Ancient Metagenomic Resources

Following the earlier chapters, you should now be familiar with the basic concepts of the practical aspects of the ancient metagenomic project. However, as with all bioinformaticians, we like to automate as much of our work as possible. In this chapter, we will introduce you to some of the dedicated resources to address this, covering both where and how to find ancient metagenomic data, but also how to speed up the analyses introduced earlier through automated pipelines.

Accessing Ancient Metagenome Data

Finding relevant comparative data for your ancient metagenomic analysis is not trivial. While palaeogenomicists are very good at uploading their raw sequencing data to large sequencing data repositories such as the EBI’s ENA or NCBI’s SRA archives in standardised file formats, these files often have limited metadata. This often makes it difficult for researchers to search for and download relevent published data they wish to use use to augment their own analysis.

AncientMetagenomeDir is a community project from the SPAAM community to make ancient metagenomic data more accessible. We curate a list of standardised metadata of all published ancient metagenomic samples and libraries, hosted on GitHub. In this chapter we will go through how to use the AncientMetagenomeDir repository and associated tools to find and download data for your own analyses. We will also discuss important things to consider when publishing your own data to make it more accessible for other researchers.

Ancient Metagenomic Pipelines

Analyses in the field of ancient DNA are growing, both in terms of the number of samples processed and in the diversity of our research questions and analytical methods. Computational pipelines are a solution to the challenges of big data, helping researchers to perform analyses efficiently and in a reproducible fashion. Today we will introduce nf-core/eager, one of several pipelines designed specifically for the preprocessing, analysis, and authentication of ancient next-generation sequencing data.

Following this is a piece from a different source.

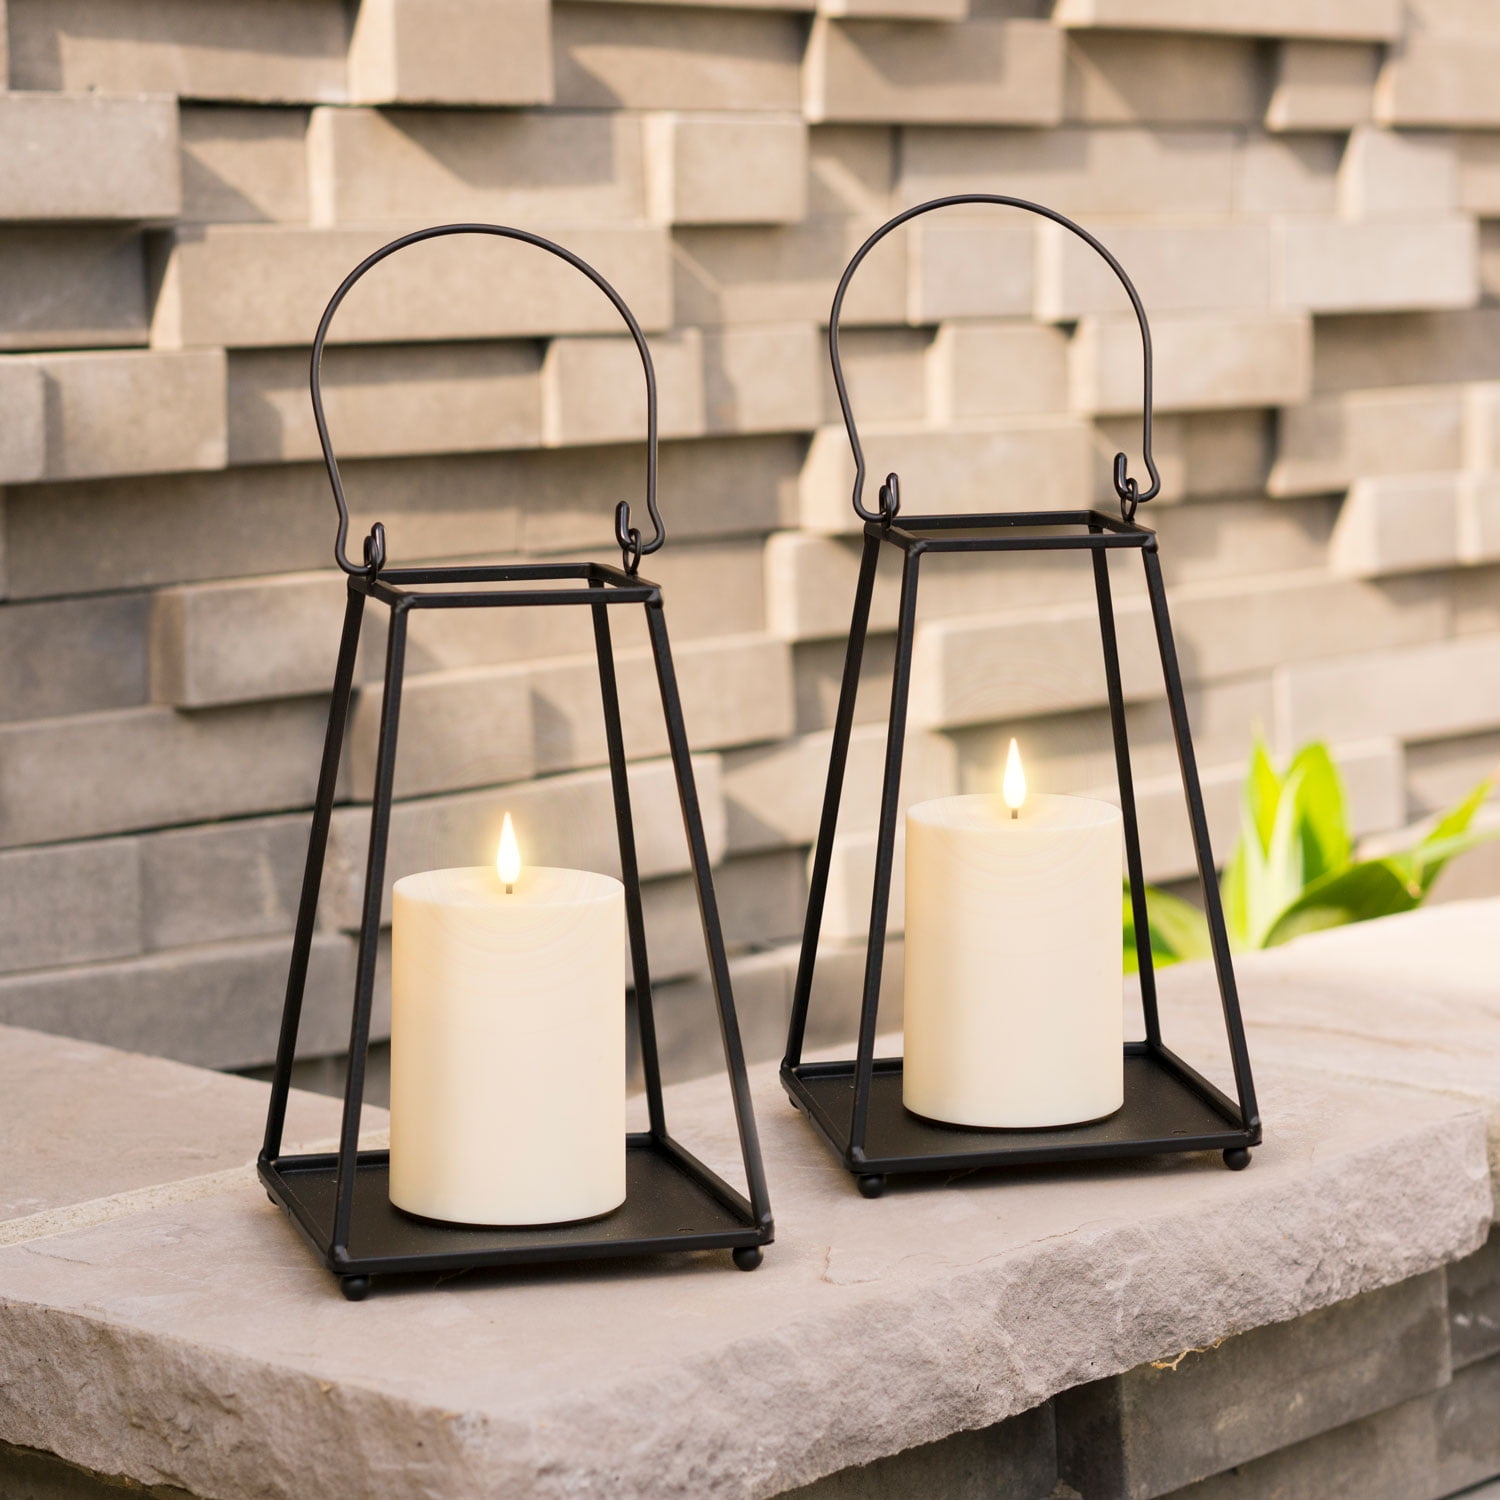 Black Metal Candle Lantern - Set of 2 Small Decorative Lanterns with

In this chapter we will learn how to practically perform basic analyses with nf-core/eager, starting from raw data and performing preprocessing, alignment, and genotyping of several Yersinia pestis-positive samples. We will gain an appreciation of the diversity of analyses that can be performed within nf-core eager, as well as where to find additional information for customizing your own nf-core/eager runs. Finally, we will learn how to use nf-core/eager to evaluate the quality and authenticity of our ancient samples. After this session, you will be ready to strike out into the world of nf-core/eager and build your own analyses from scratch!